We have like 12 different databases at work. Most of them are Word documents. I’d like them all to be in (say) Excel files so that we can (for example) easily make mailing address labels. (Our current mailing label database started life that way, I think, but the Excel data has been lost, and the Word document with the mailing labels has been updated by hand ever since.)

This offends me. It drives me nuts. And in my copious spare time I’m trying to get them all into tabular data sets that can be imported into Excel. I’ve done most of that work, courtesy of antiword and a lot of ruby scripting.

Now I just need to merge columns A, C, and G from one file with columns B, T, and Q from another file. Times a dozen files. That, my friend, is a job for a database query language.

Back when I worked for the start-up, I used to know how those work. So now I’m dusting off what little I knew, and creating scripts to convert the tabular data files into SQL update commands I can send to a MySQL database.

Fun. But slow going. I expect to be done in September. November at the latest.
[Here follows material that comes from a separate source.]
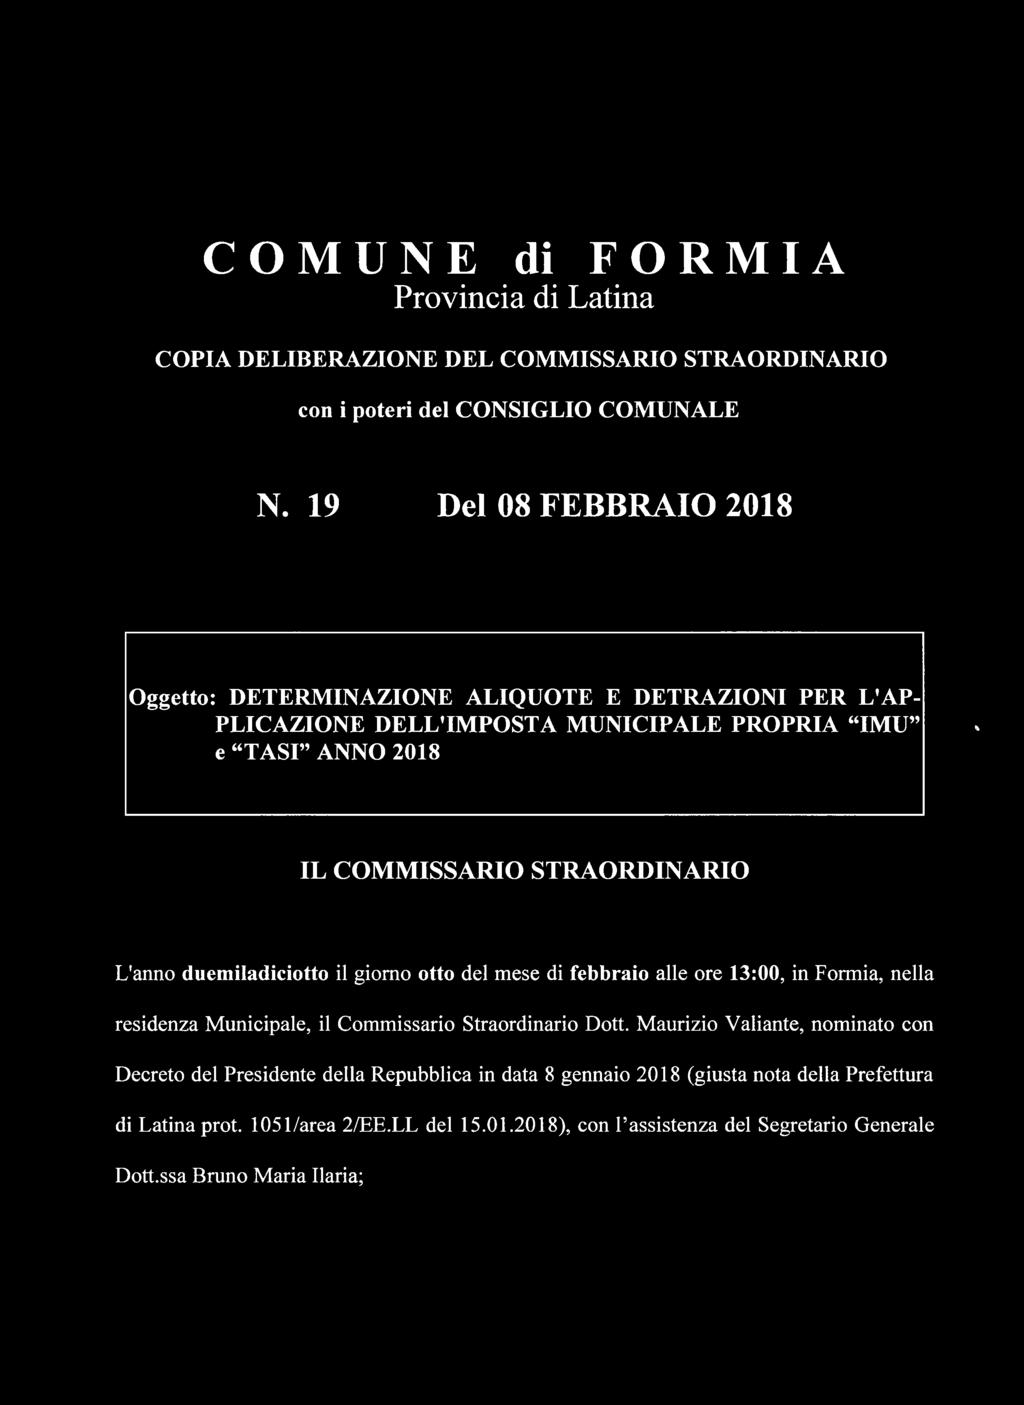 STRAORDINARIO L'anno duemiladiciotto il giorno otto del mese di febbraio alle ore 13:00, in Formia, nella residenza Municipale, il Commissario Straordinario Dott.
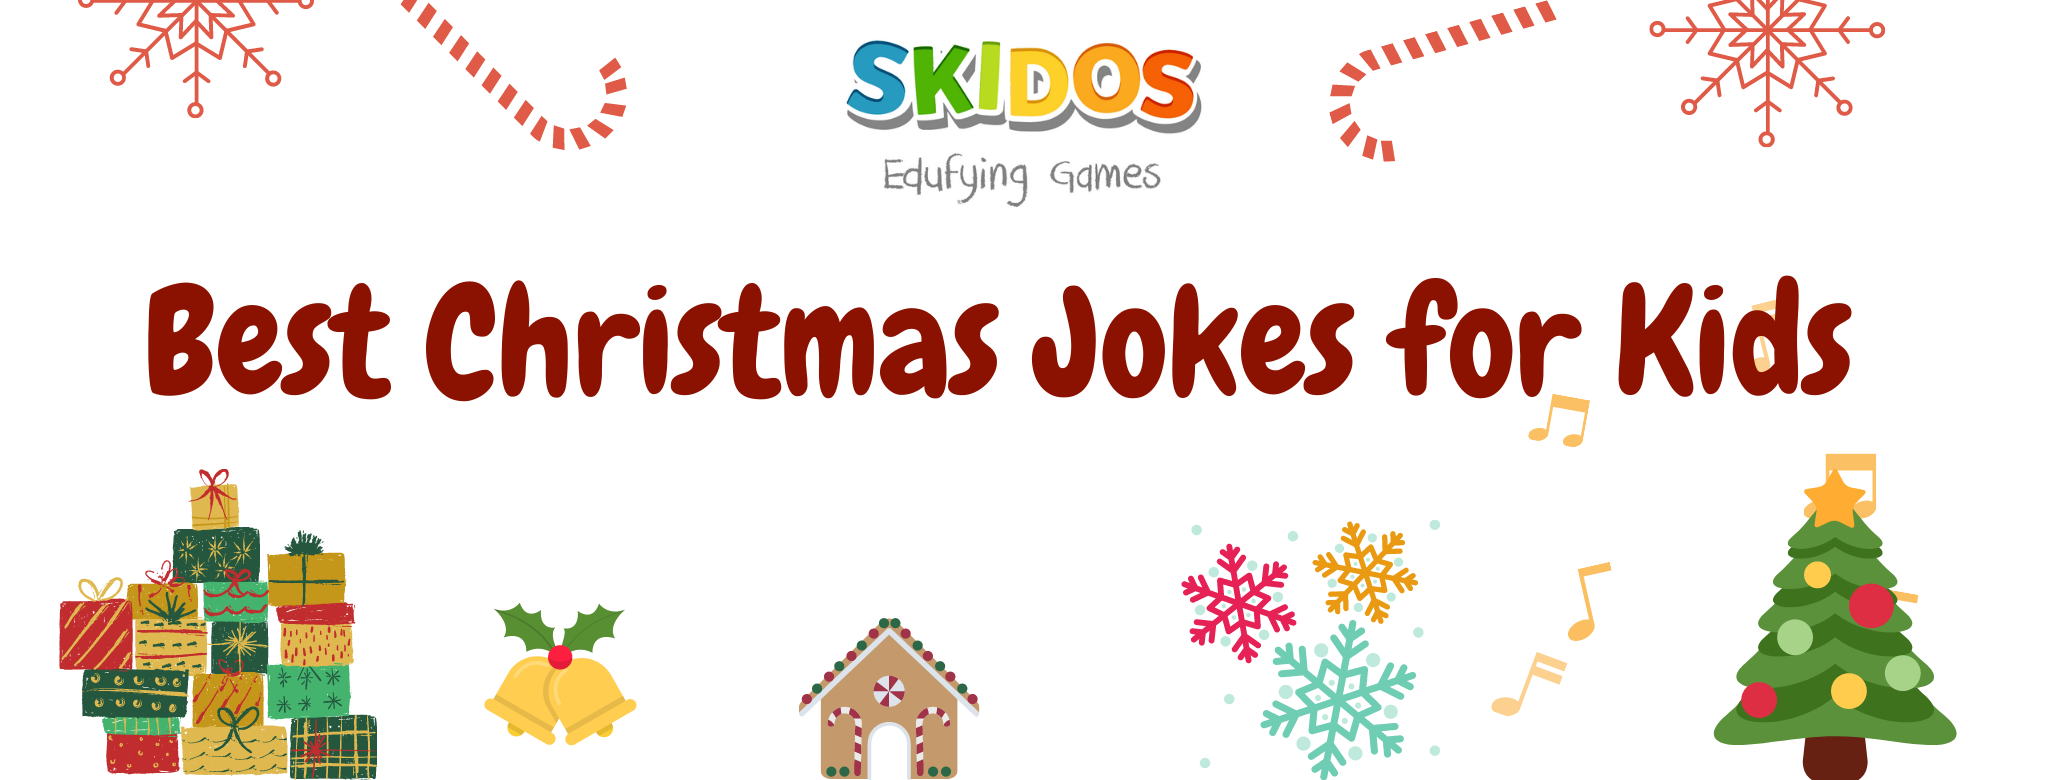 Best Christmas Jokes for Kids

Update. In the ensuing six years, I had forgotten about the LOAD DATA command. Getting the data into tabular format (above) was all I needed to do. Cool.

Laptop News

I figured out how to login to it remotely. Turns out that Ubuntu comes with ssh client software but not server. (Makes sense when you put it that way.) Anyway, I figure that Ubuntu is as good a thing to do with the laptop as anything.

I mean really. It’s a G3. An 800 MHz G3 with 384 MB of RAM and a 30 GB hard drive. No airport so no wifi, and the price of adding it is prohibitive. And yet the resale value of the machine (as of this month) is about $350 or more, counting the extra battery and the other stuff I’d unload at the same time. Who would pay that much for a G3? And what would they do with it?

For not much more than that you can get a 10-lb monstrosity from Dell or Gateway or HP running Vista. You’d hate the thing in days, or even hours if you had to do anything tricky like install drivers, but it would be a real contender from a hardware standpoint. By contrast, this stupid 4-year old boat anchor is worth almost a 1/3rd of what I paid for it, which is flatly ridiculous.

bookmark management

Well, I’m throwing in the towel on managing my own bookmarks. I tried del.icio.us awhile back and it just wasn’t happening for me. But the hassle of trying to sync multiple PCs of bookmarks finally convinced me to go back to it. I just spent 45+ minutes migrating bookmark to del.icio.us from my bookmarks on different machines and there’s a few hundred left. But the ones I’ve done so far will take care of most of my needs.